▶ [TASK BRIEF]: Print the whole listing below exactly, skipping every picture.

▶ [SUPPLIED DATA]:
<<<<

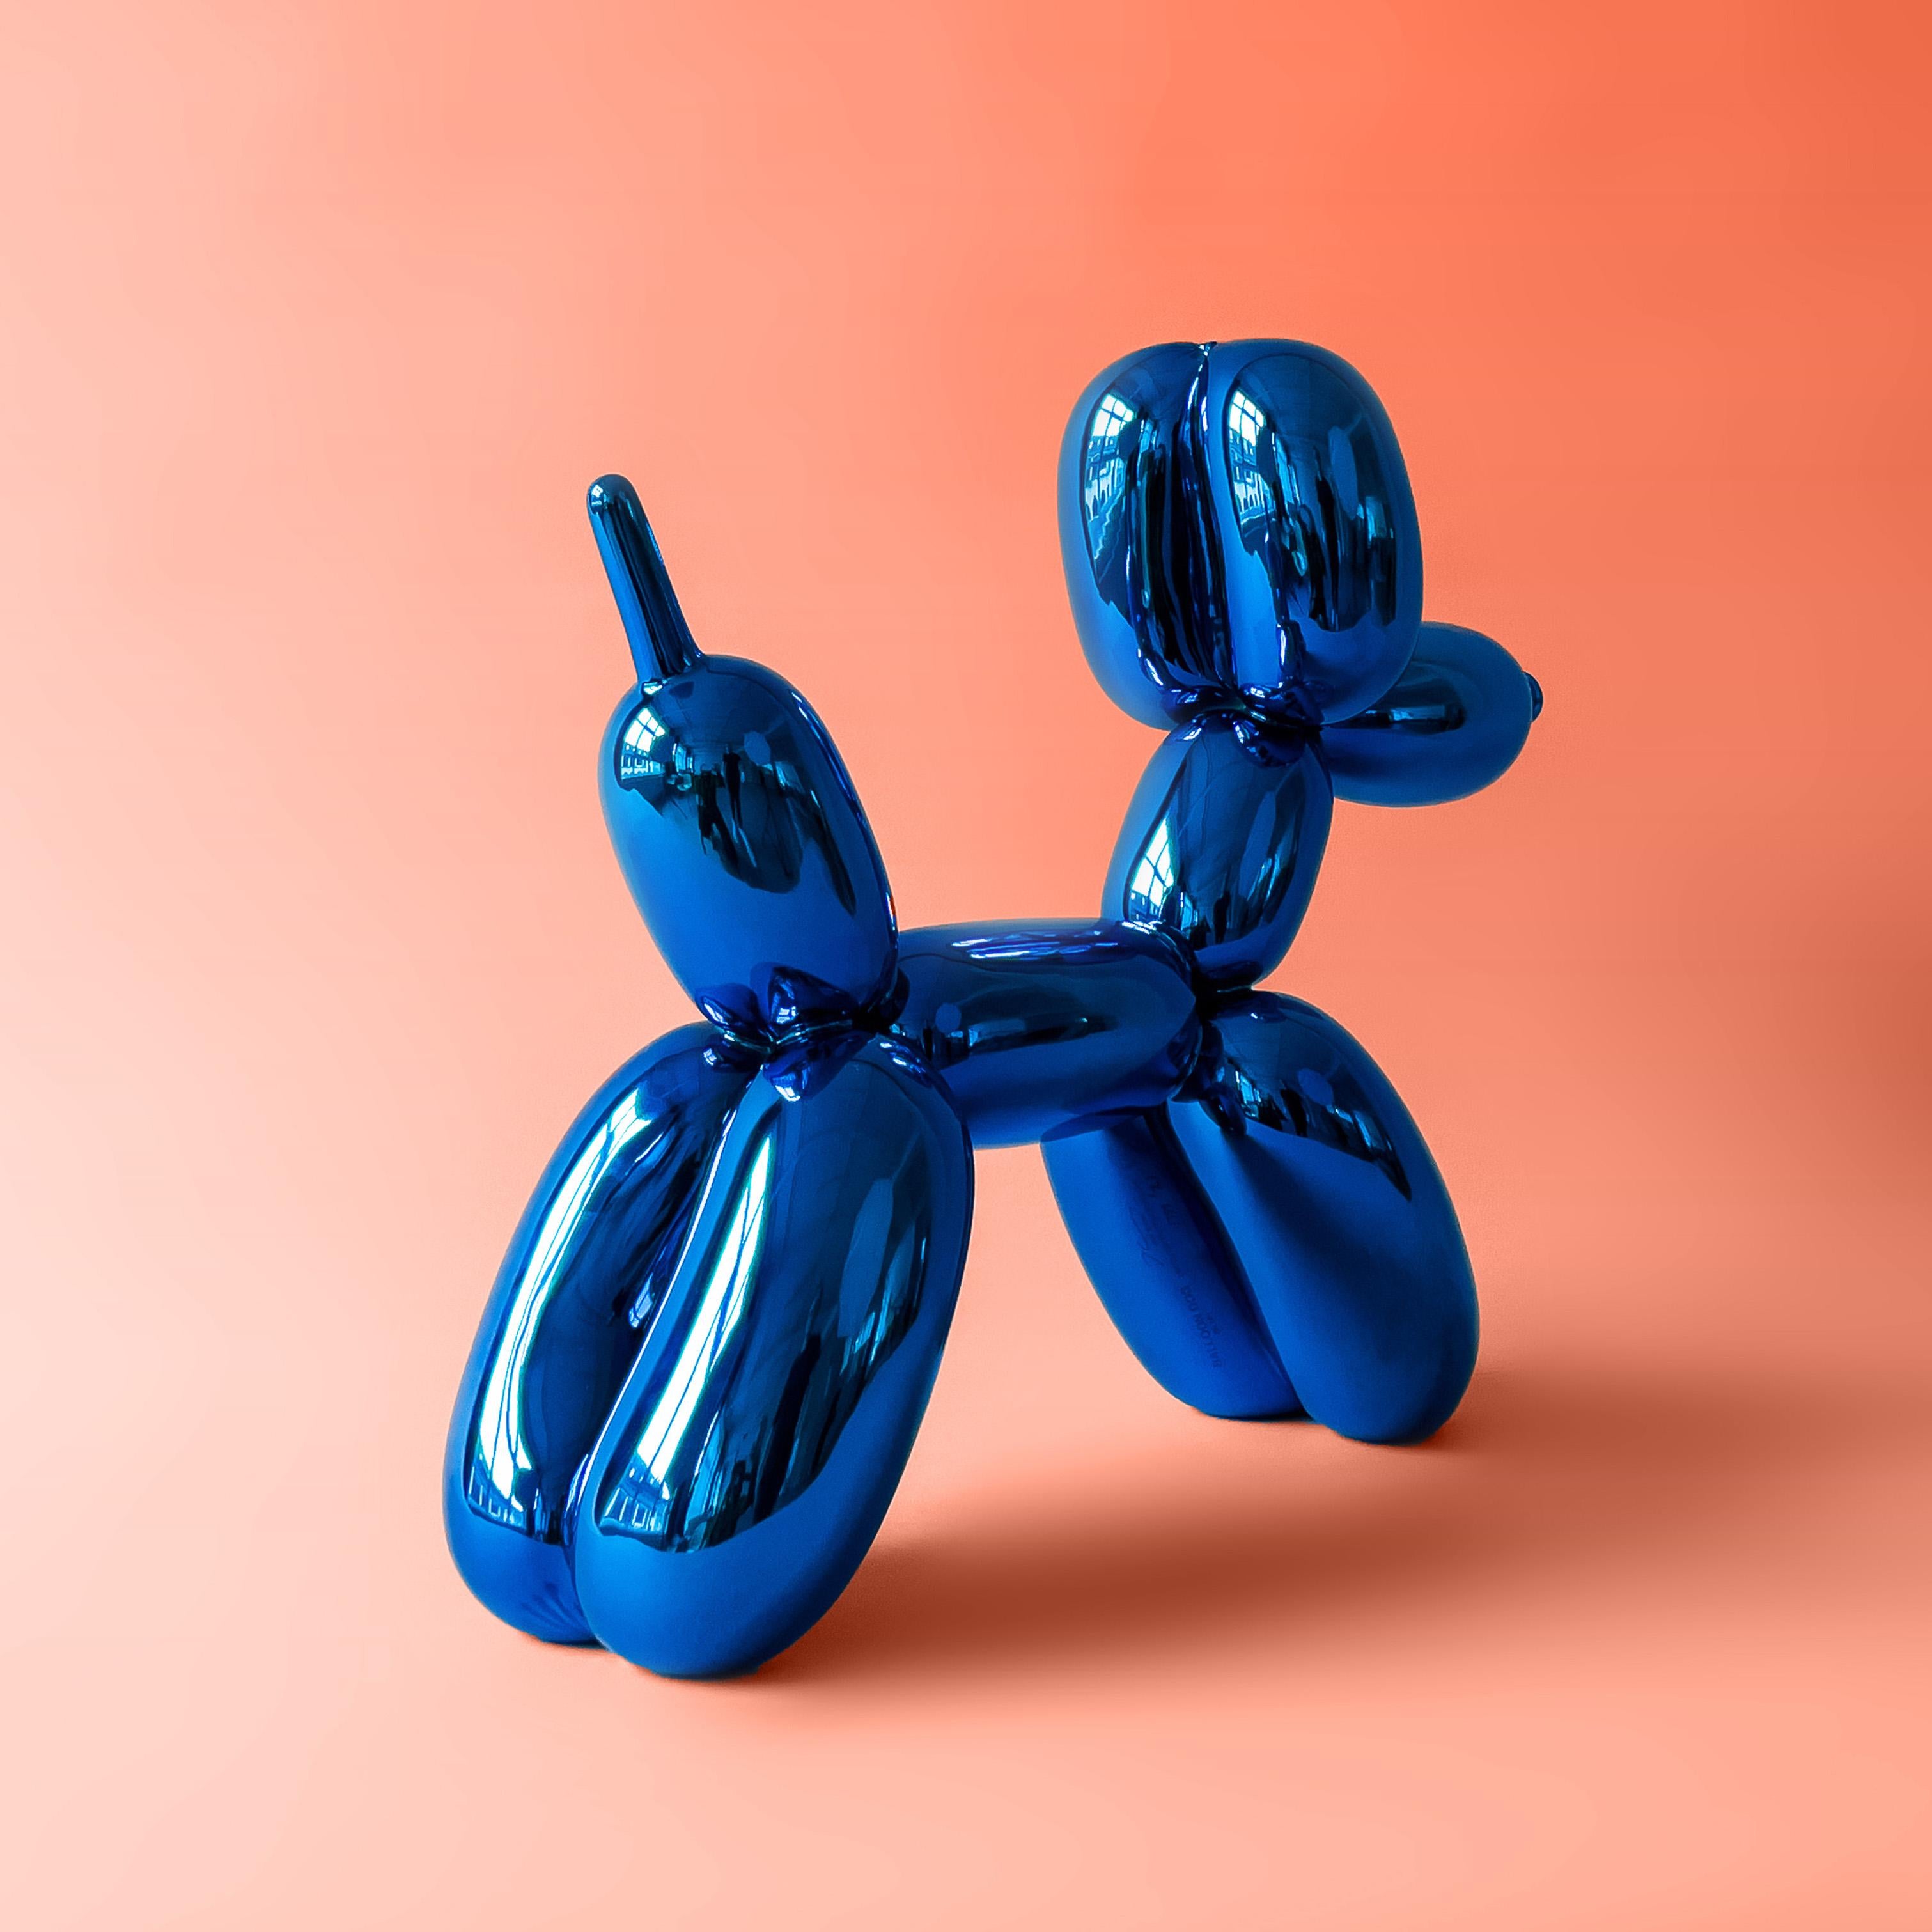 In Koons’ hands even the most familiar, everyday items transcend commonality to become true icons manifesting the essence of American popular culture.

Jeff Koons
Balloon Dog (Blue) - Jeff Koons, 21st Century, Contemporary, Porcelain, Sculpture,

>>>>

▶ [ANSWER BOX]:
 In Koons’ hands even the most familiar, everyday items transcend commonality to become true icons manifesting the essence of American popular culture.

Jeff Koons
Balloon Dog (Blue) - Jeff Koons, 21st Century, Contemporary, Porcelain, Sculpture,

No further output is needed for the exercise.